The Case Chiller Index reported earlier this week that the median US house sale price in July was up 12.4% year over year. This severely lagged and smoothed index actually represents the 3 month average contract price of repeat sales only, with a time mid point of mid April. Are you interested in where the 3 month moving average of the Dow was in mid April? Do you doubt the usefulness of the real time Dow even though it just replaced 3 components or the S&P even though it regularly replaces components? I didn’t think so. You want to know the price of the market today, right now, as shown by as representative and broad an index as possible.  Case Shiller’s methodology is preposterous in this regard.

Earlier this month, electronic real estate broker Redfin released current contract data for August for the 19 US metro markets it covers. This includes all contracts reported to the regional MLS’s for those markets. The 19 markets are mostly in the Northeast and on the West Coast, with only four markets in the US interior hinterlands, but it’s broad enough to give us a reasonably good idea of where the market stood and was headed a month ago based on contracts signed in August.

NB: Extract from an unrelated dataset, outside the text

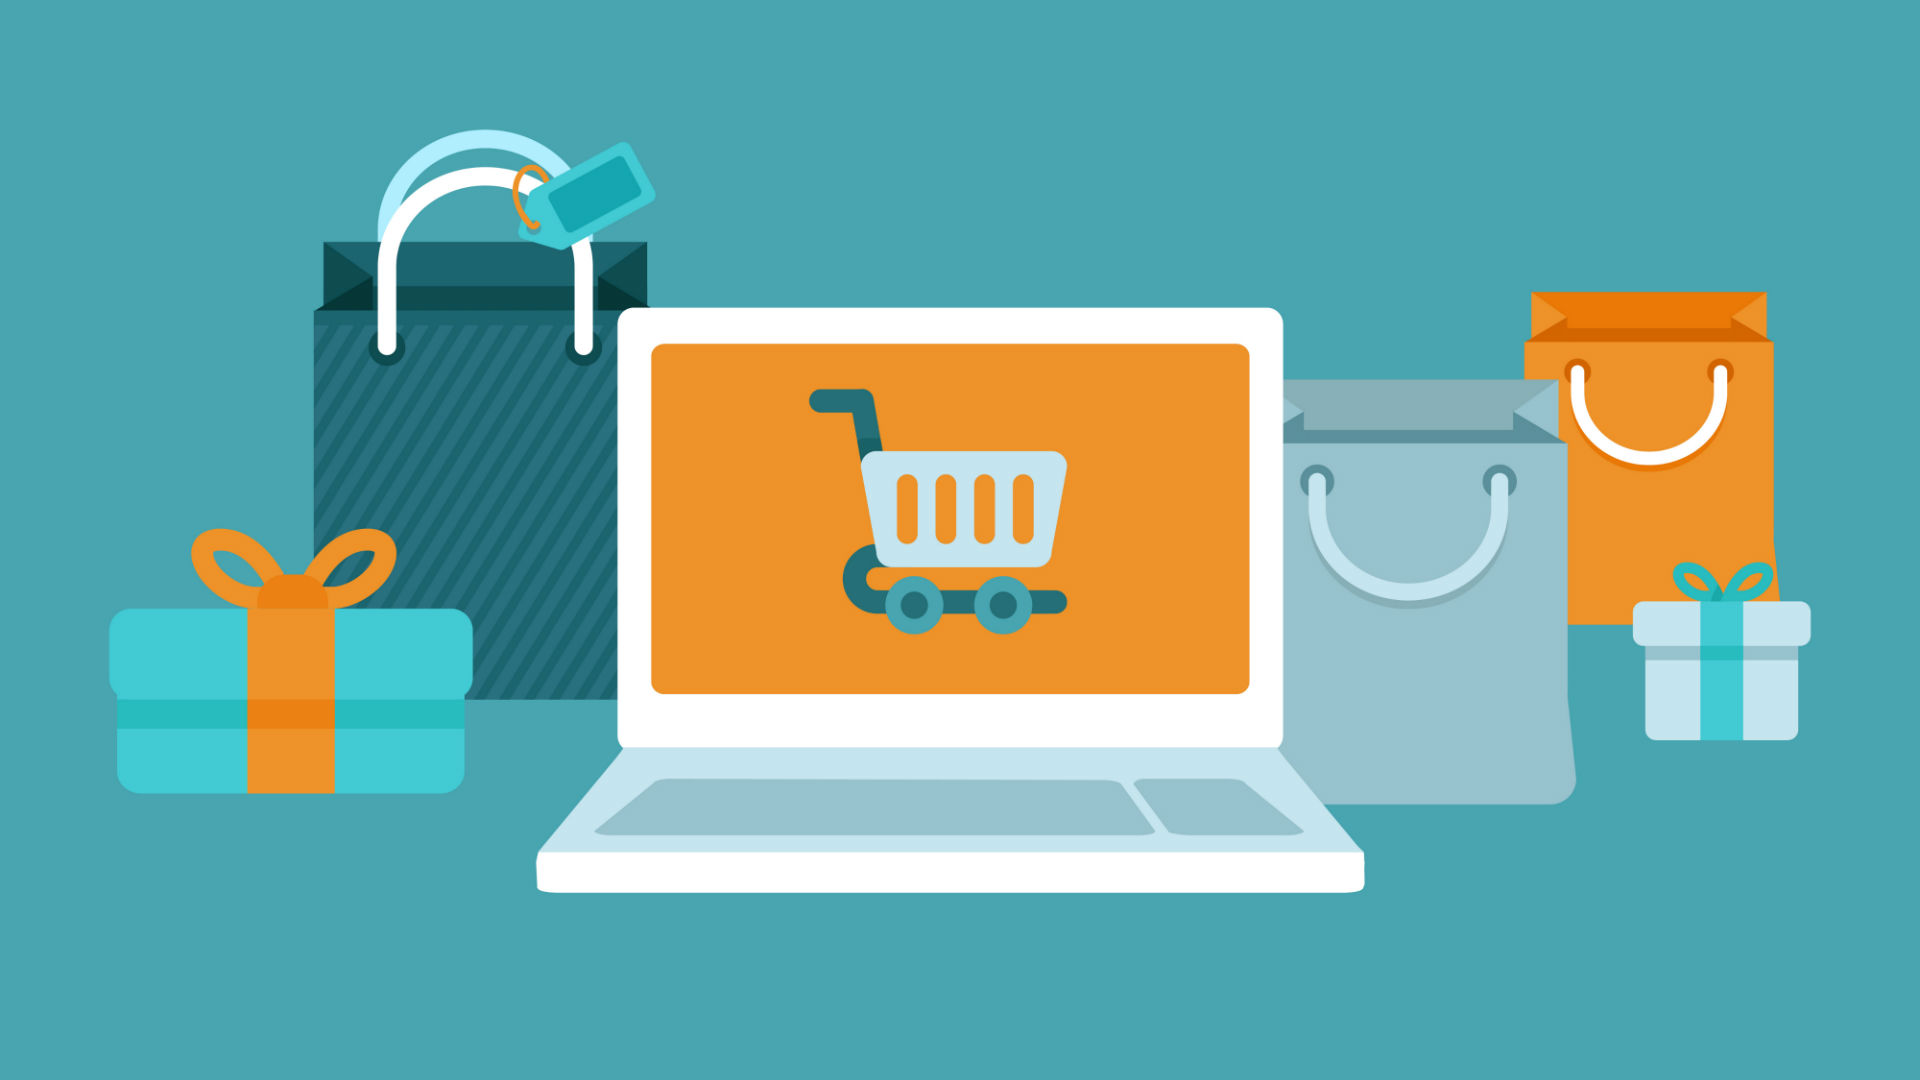 E-commerce, lona online, comércio eletrônico, Black Friday 2016

It seems abundantly clear from that data that the US housing market is in a bubble and is a lot hotter than Case Shiller says. According to Redfin, home prices per square foot were down 0.4% month to month but were 17.7% higher than August 2012 in those markets. Based on the typical US home with 3 bedrooms, 2 to 2 1/2 baths and 1,600 to 2,000 square feet, prices rose 15.5% year to year.  The total gain from the 2011 low is 31%. Annual gains ranged from a low of 2.7% in Lawn Geyeland, NY to 38% in Lost Wages, NV and 37.8% in Sacramento, CA.

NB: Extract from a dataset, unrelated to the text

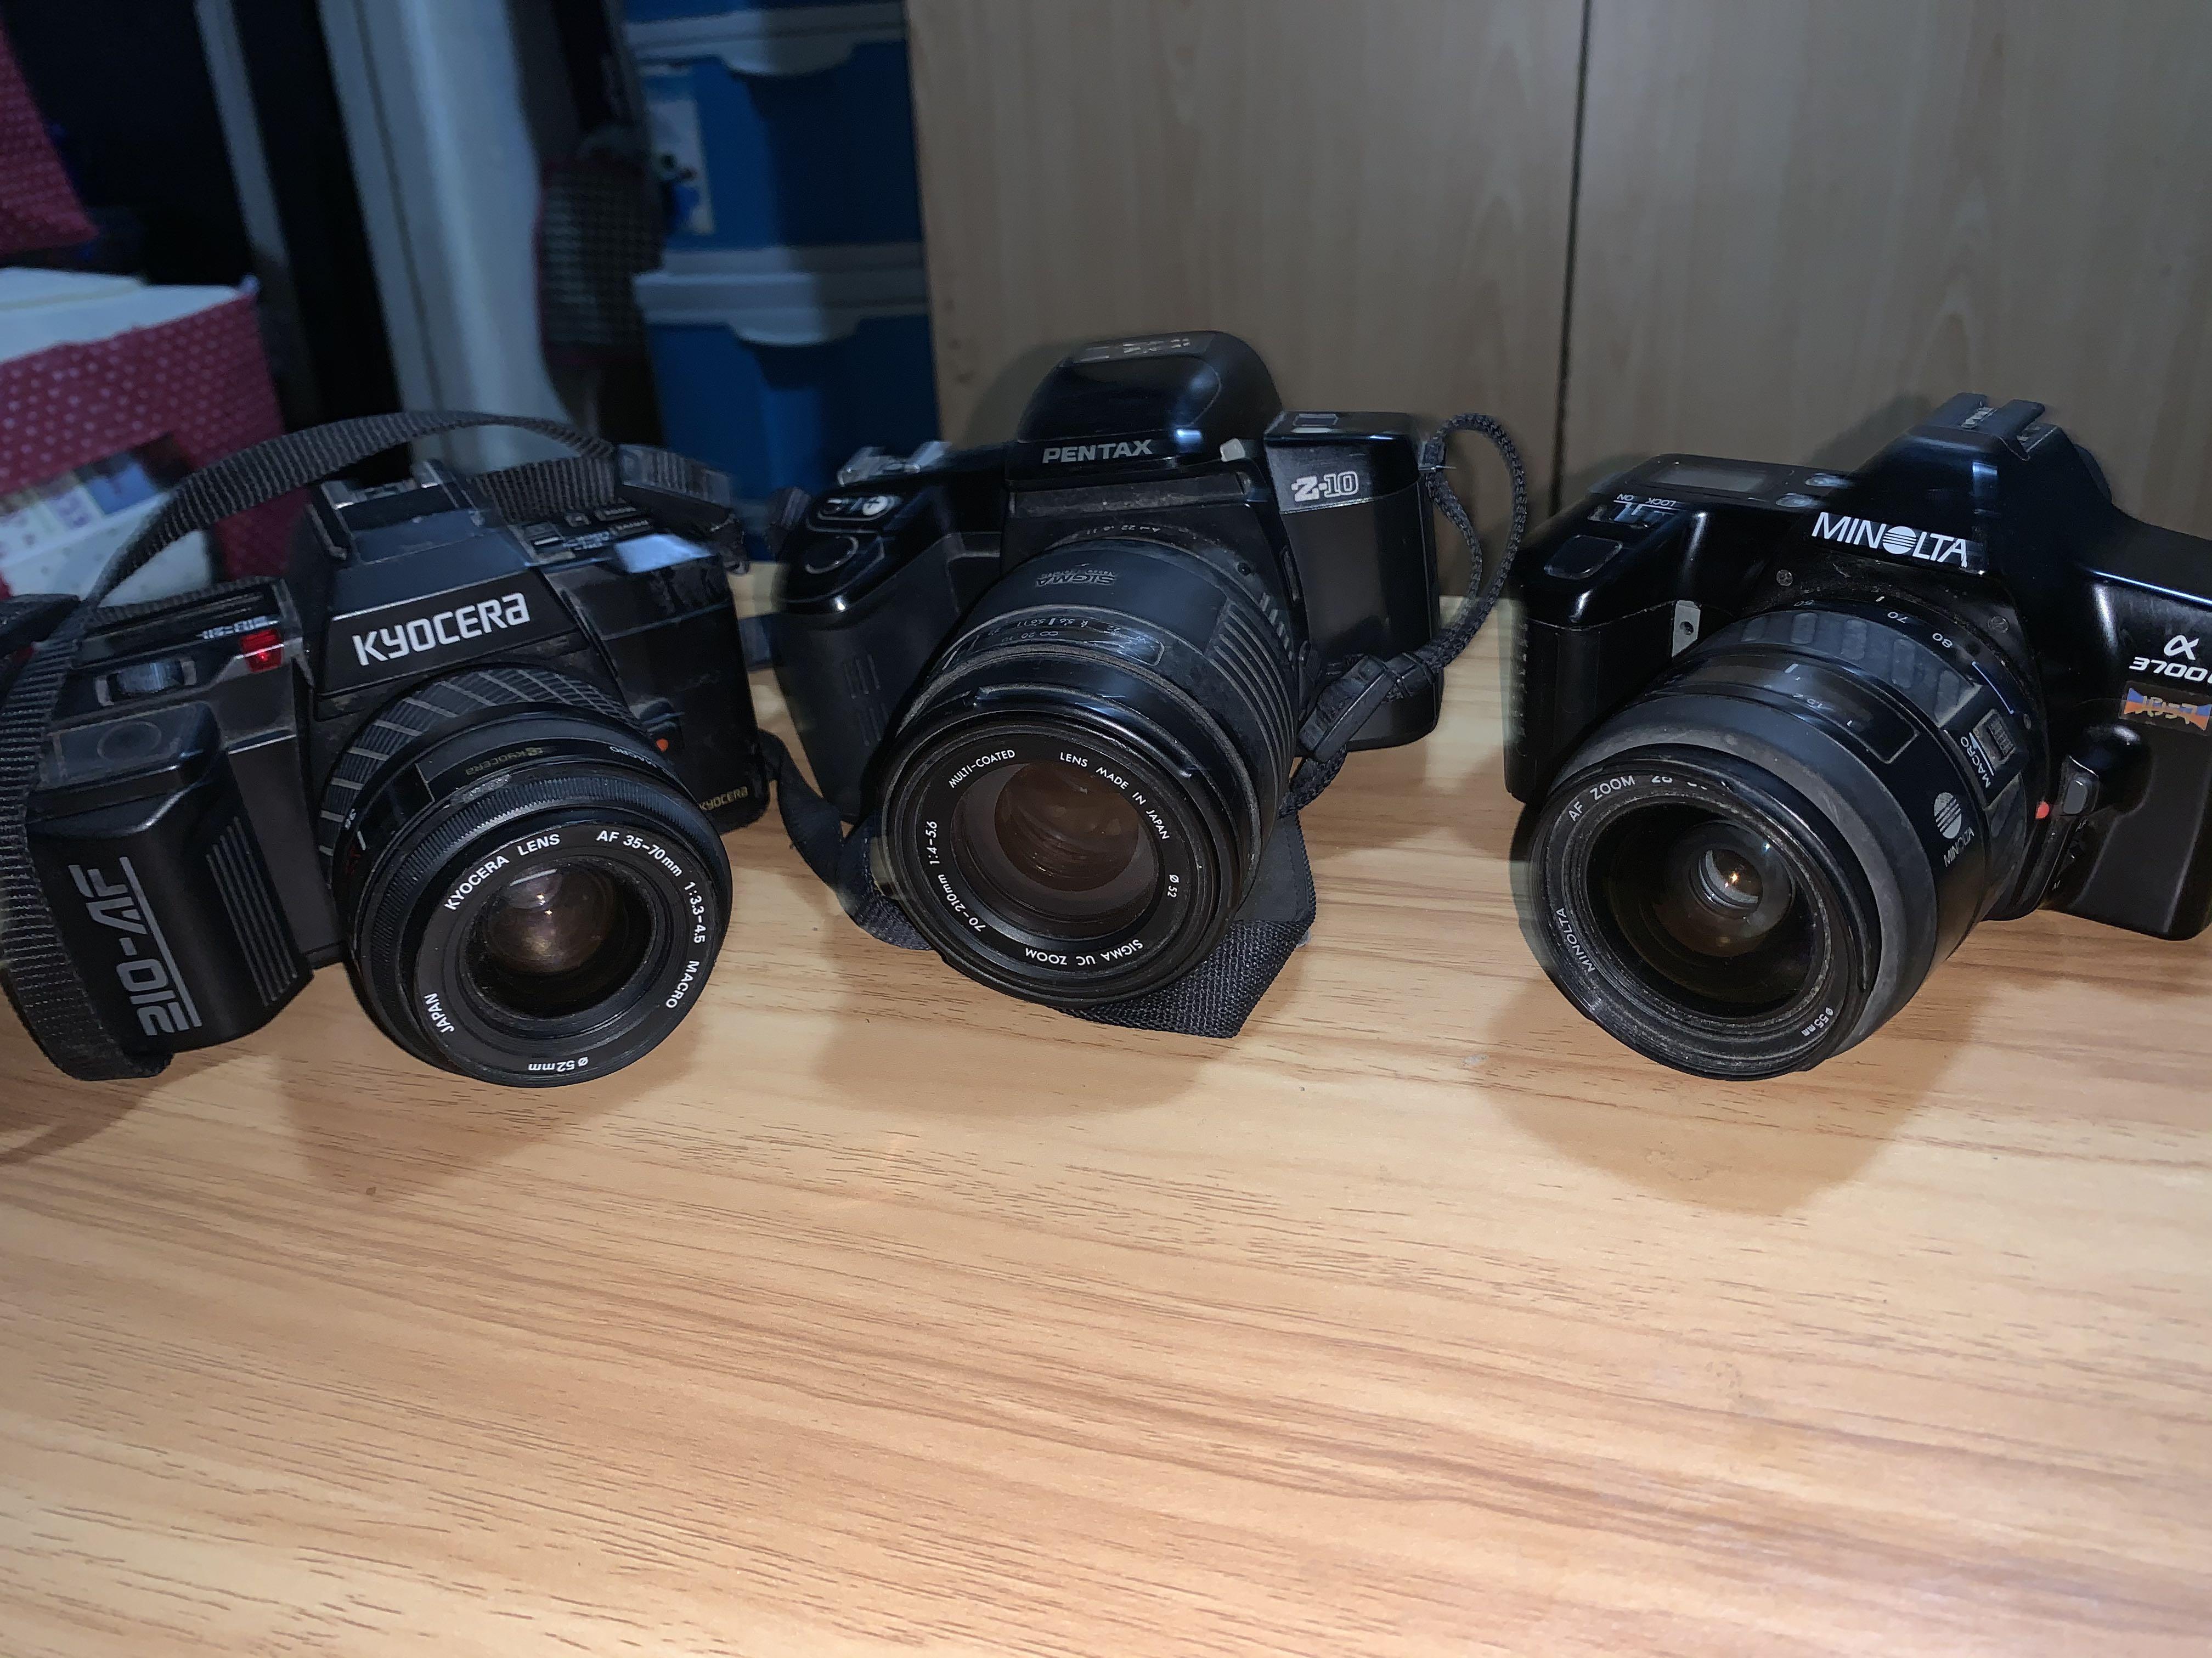 Minolta, Kyocera, Pentax SLR film camera (untested)

Home Sales Prices from Redfin.com- Click to enlarge
Home Sales Prices from Redfin.com- Click to enlarge

The chart suggests that price gains got a little too hot by July and entered a correction in August. This is a typical seasonal pattern.

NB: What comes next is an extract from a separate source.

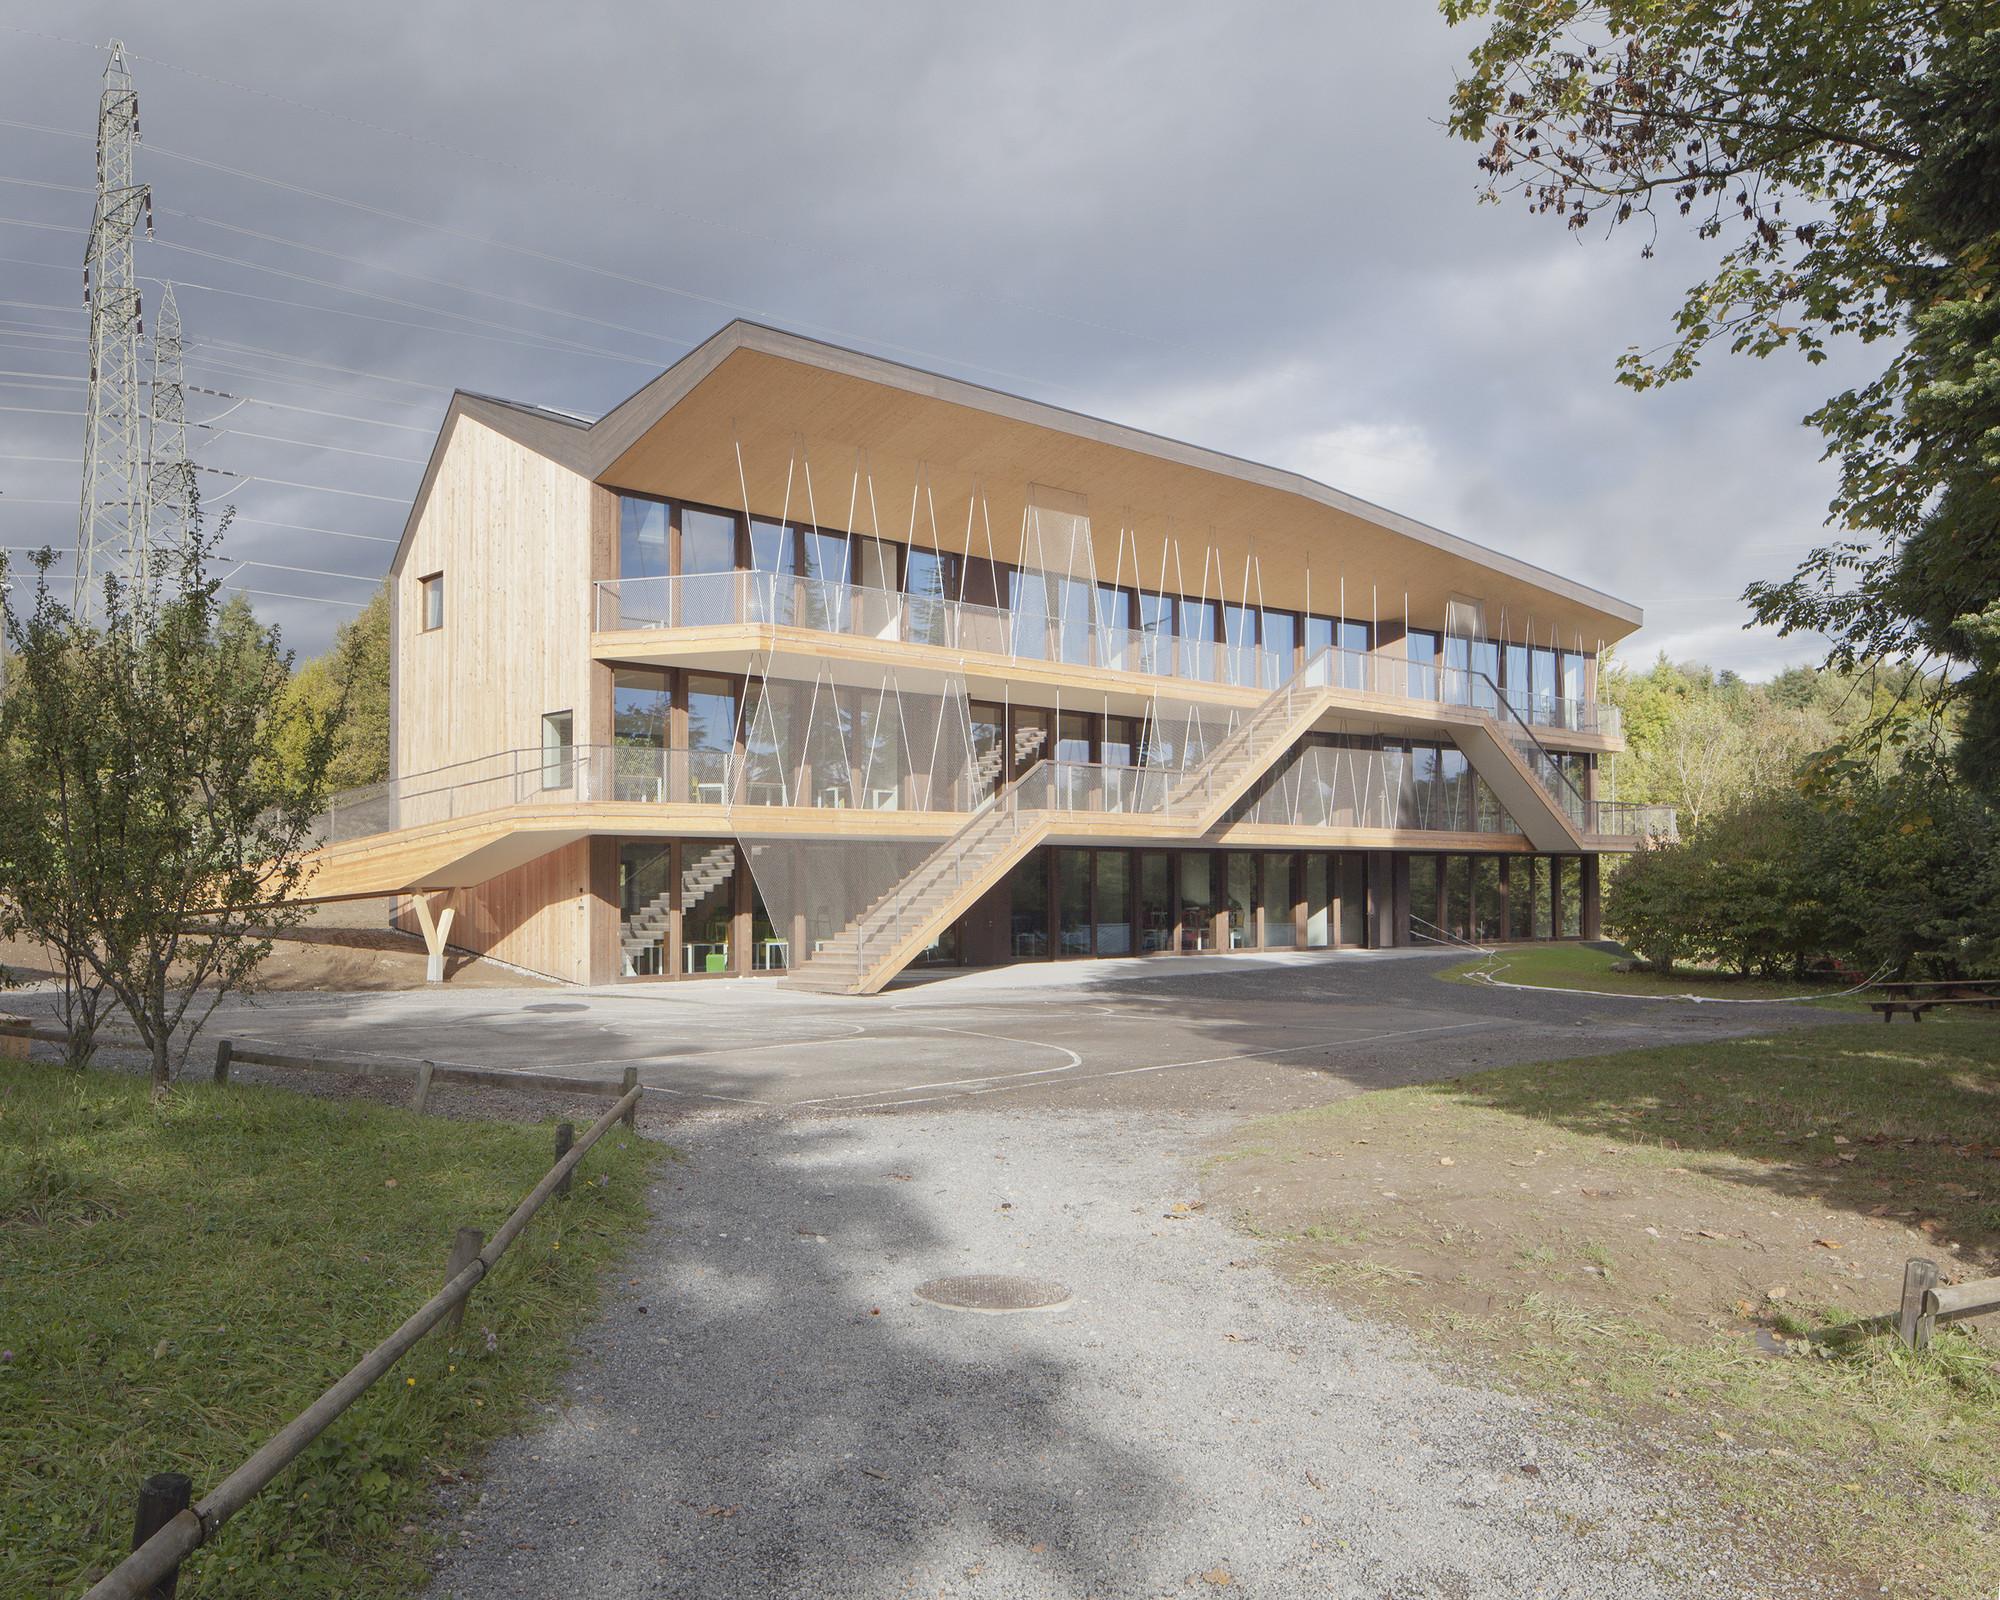 Steiner School / LOCALARCHITECTURE, © Matthieu Gafsou

Last year, the market was so hot coming off the lows that it merely paused in the second half. It will be interesting to see how much of a second half pullback happens this year.  Real time listing prices from DepartmentofNumbers.com suggest not much. Listing prices have routinely been consistent with subsequently reported sales data plus a normal margin. Therefore they are a reliable indicator of the market’s trend in real time.  Sellers are apparently still willing to raise prices because the market feedback they get from their agents is that inventories remain tight, with strong demand for good quality, well located properties.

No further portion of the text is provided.